Erweiterung Sonnenberg Klinik


  • Anerkennung


    Landschaftsarchitekten
    w+p Landschaften, Berlin (DE), Offenburg (DE), Schiltach (DE) Büroprofil

    Verfasser
    Hans-Jörg Wöhrle

    In Zusammenarbeit mit:
    Architekten: Broghammer Jana Wohlleber, Zimmern ob Rottweil (DE)

    Preisgeld
    10.000 EUR

    Erläuterungstext
    Liegt nicht vor.

    Beurteilung durch das Preisgericht

    Das zunächst auffallende an dieser Arbeit ist, dass der Neubau deutlich vom Altbau abgerückt wird. Durch die Ausbildung von 2 winkelförmigen Baukörpern gelingt eine sehr schöne, intensive Verzahnung mit der Landschaft.

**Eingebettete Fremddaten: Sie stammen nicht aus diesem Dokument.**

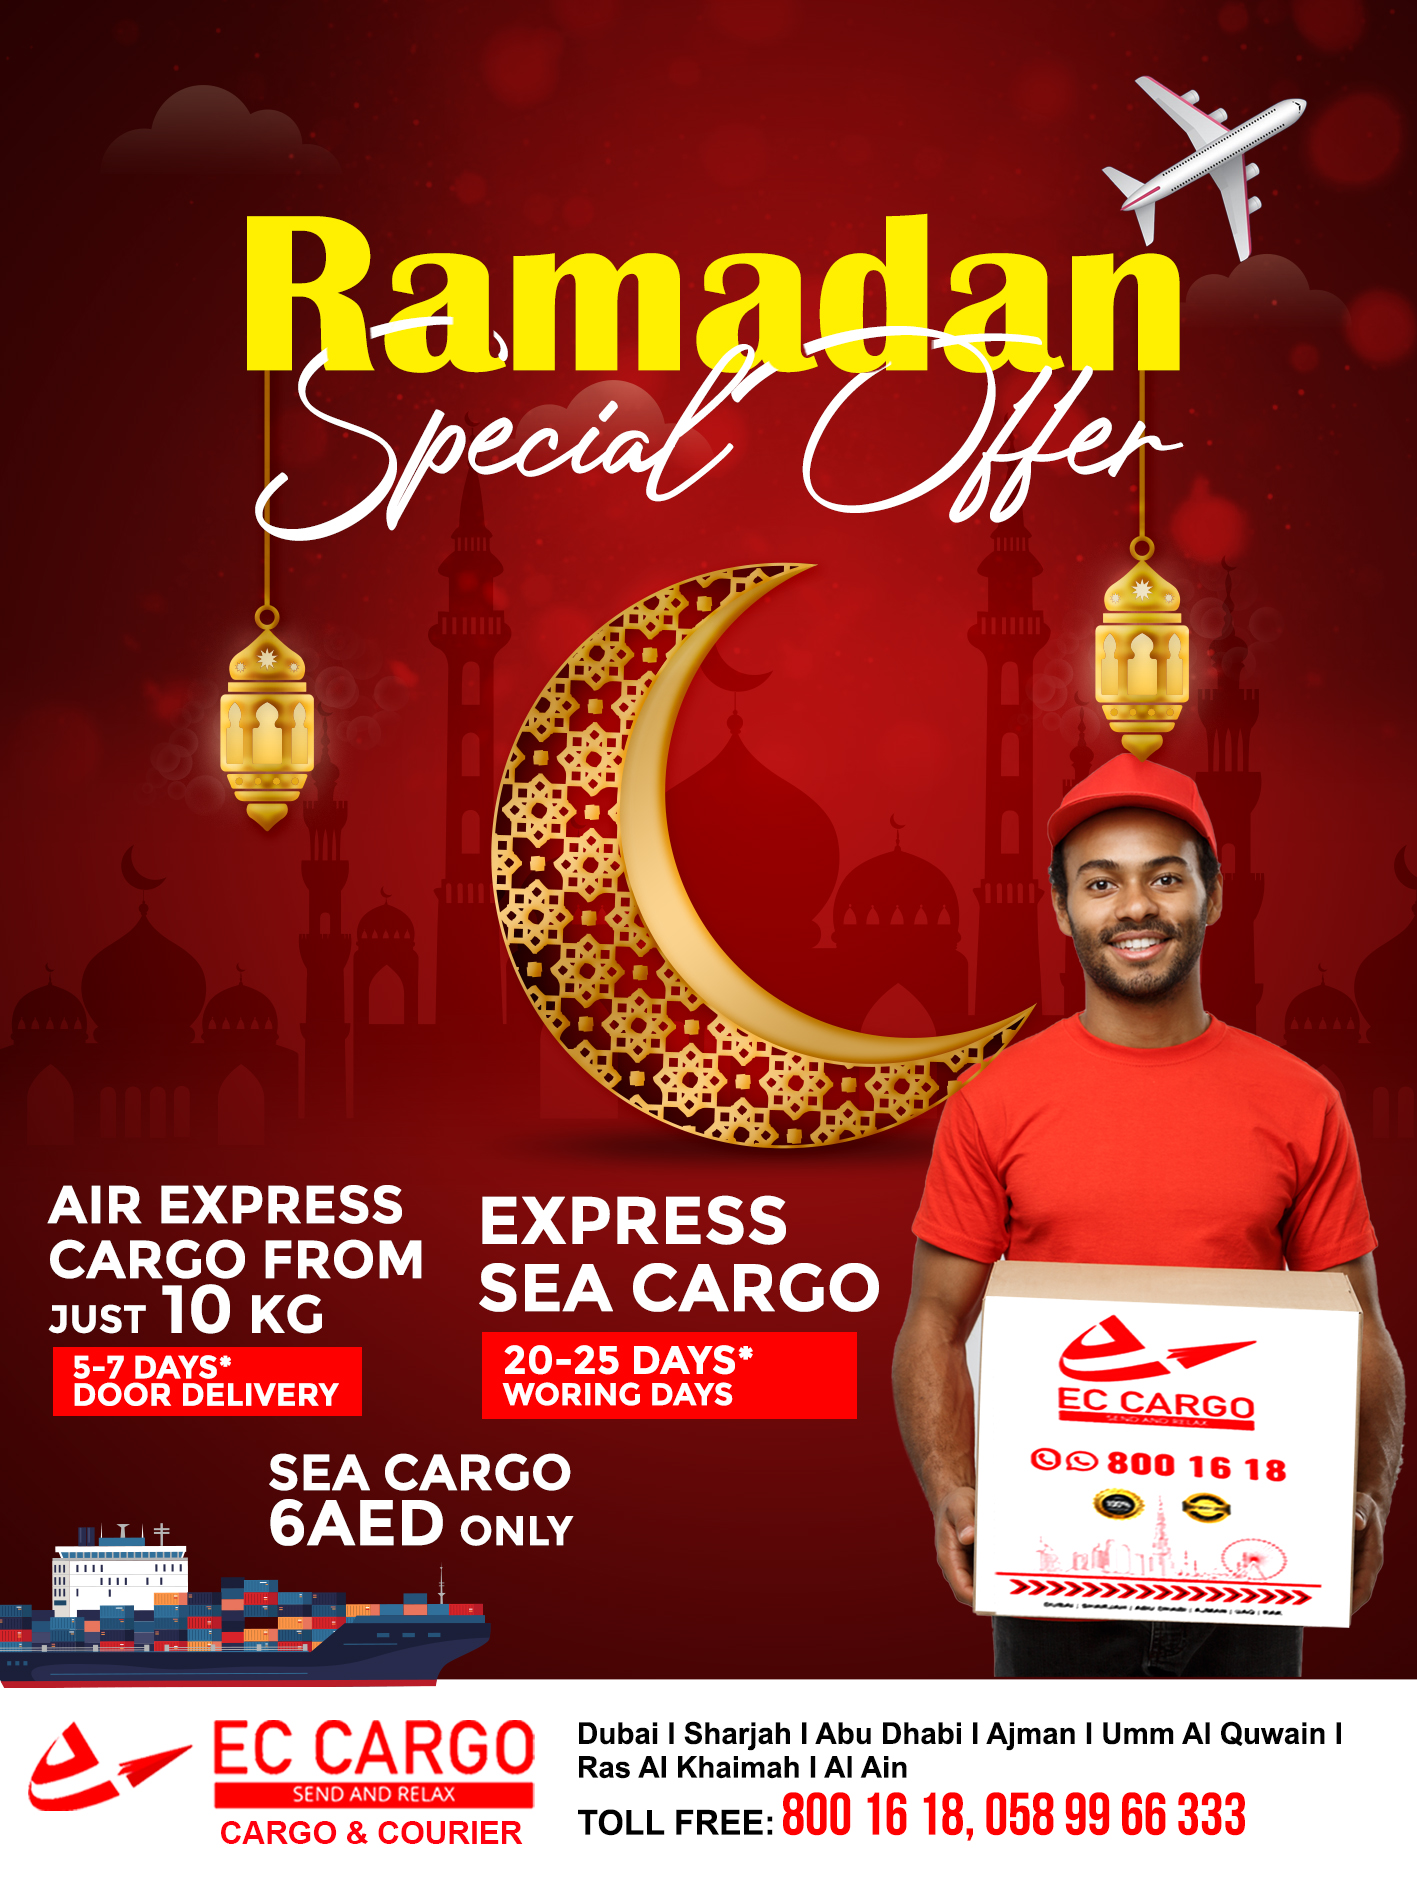 Ramadan special offer

Die Steinbruchkante wird zum Eingangshof und zum darüber liegenden Speisesaal gerade zu inszeniert. Es entstehen mit Alt- und Neubau zwei unterschiedliche Zonen, denen konsequenterweise zwei Eingänge zugeordnet werden. Durch den Versuch der klaren Verteilung der Funktionen soll diese konzeptionelle Haltung noch unterstrichen werden. Im Neubau zum Grünraum, zur ruhigen Lage orientiert, sind die Wohnbereiche und die Einzeltherapieräume. Im Altbau werden die eher halböffentlichen, stärker frequentierten Nutzungen untergebracht, wie Gruppentherapie, Konferenz- und Verwaltungsräume. Leider wird dieses Prinzip nicht durchgestanden. So hat die Aufteilung der Therapieräume auf Alt- und Neubau funktionale Nachteile. Vollends überraschend ist die Unterbringung einer isolierten Wohngruppe in einer Art Penthousegeschoss im Altbau. Nachteilig ist sicherlich die Orientierung verschiedener Wohngruppen und Einzelzimmer nach Osten und damit die Schaffung unterschiedlicher Wohnraumqualitäten, sowie die störenden Blickbeziehungen, die durch die Anordnung verschiedener Wohngruppen über Eck entstehen. Die Zufahrt zur Tiefgarage am Südende des Gründstücks hat den Charme, dass keine Beeinträchtigungen für den Klinikbetrieb auftreten, das große, begrünte Tiefgaragendach ist aber eher unwirtschaftlich. Positiv muss die aufgezeigte Bauabschnittsbildung erwähnt werden, die den Weiterbetrieb des Bestands während der Bauzeit gewährleistet.

    Zusammenfassend kann angezweifelt werden, ob dieses weite Abrücken des Neubaus, die Vorteile bringt um den Nachteil der langen Wege zu kompensieren, zu Mal der groß inszenierte Eingangshof nur einen Nebeneingang umschließt.